Pendant près de vingt minutes, ce fut un désordre inexprimable dans les somptueux salons du Gigantic Hôtel. Les danseurs s’étaient arrêtés, des groupes se formaient dans lesquels on discutait avec animation, sans savoir exactement ce qui s’était passé toutefois. Des maîtres d’hôtel, des inspecteurs du Gigantic s’efforçaient toutefois de calmer les gens. Et à ceux qui suggéraient qu’il venait d’y avoir un drame, un crime peut-être, que l’on avait tiré un coup de revolver, ils répondaient avec aplomb :

— C’est une erreur, messieurs, il ne s’est rien passé ! Un meuble est tombé, il a fait du bruit, voilà tout.

On déclarait aussi qu’il s’agissait là d’un court-circuit dans les cuisines, de l’explosion d’un tuyau de gaz sur le trottoir, hors de l’immeuble.

***

Fandor enfin retrouva Juve.

Le policier sortait des bureaux de l’administration. Il était très pâle :

— Eh bien ? interrogea Fandor.

— Eh bien, fit Juve, tu avais raison, la petite ligne rouge. À peine tu m’avais quitté qu’un homme aux allures de vieillard a passé à côté de moi, et il était marqué comme tu l’avais dit, marqué à la nuque.

— Qu’avez-vous fait ?

— Je l’ai suivi dans la galerie. Je me suis rapproché de lui. J’allais lui mettre la main au collet. Il s’est retourné à ce moment-là.

— Et puis ?

— C’est là, continua Juve, où je ne comprends plus. Une détonation a retenti. Instinctivement, j’ai baissé la tête. L’homme à la ligne rouge, Fantômas, car ce ne peut être que Fantômas, a baissé la tête lui aussi. Et si une balle a sifflé à mon oreille, une balle également a sifflé à la sienne.

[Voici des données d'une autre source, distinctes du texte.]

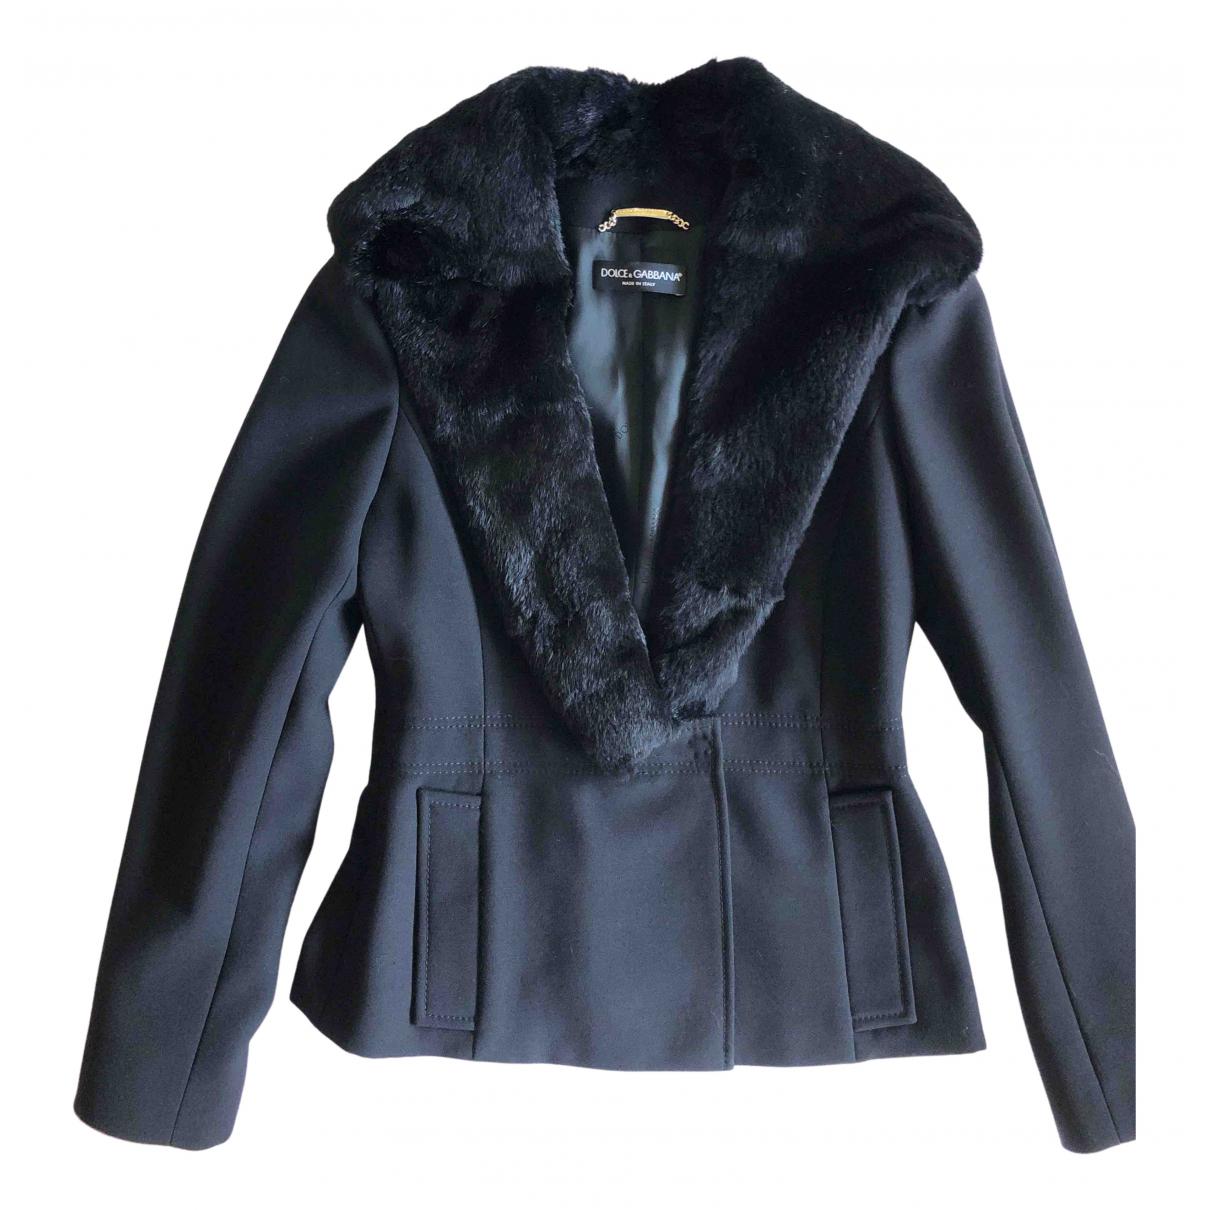 Blazer de Lana Dolce & Gabbana

— Vous voulez dire que vous avez tiré tous les deux ?

— Non. Nous n’avons tiré ni l’un ni l’autre.

Le policier lui expliqua alors comment, dans la bagarre survenue immédiatement après le coup de feu, il avait été séparé du mystérieux vieillard. Il ne l’avait pas revu. Sa fuite était-elle due au hasard ou à la protection de complices ?

Fandor n’écoutait plus.

— Vous n’avez en somme tiré ni l’un ni l’autre et un coup de feu a retenti ?

— Oui. Qui visait-on ?

— Qui ?

13 – VOLEUSE À LA TIRE

Boulevard Malesherbes, la foule des passant  s’était arrêtée quelques instants, en face du magasin de nouveautés Paris-Galeries, pour regarder avec cette curiosité béate qui est la caractéristique de la badauderie parisienne, une voiture automobile en panne sur le bord du trottoir.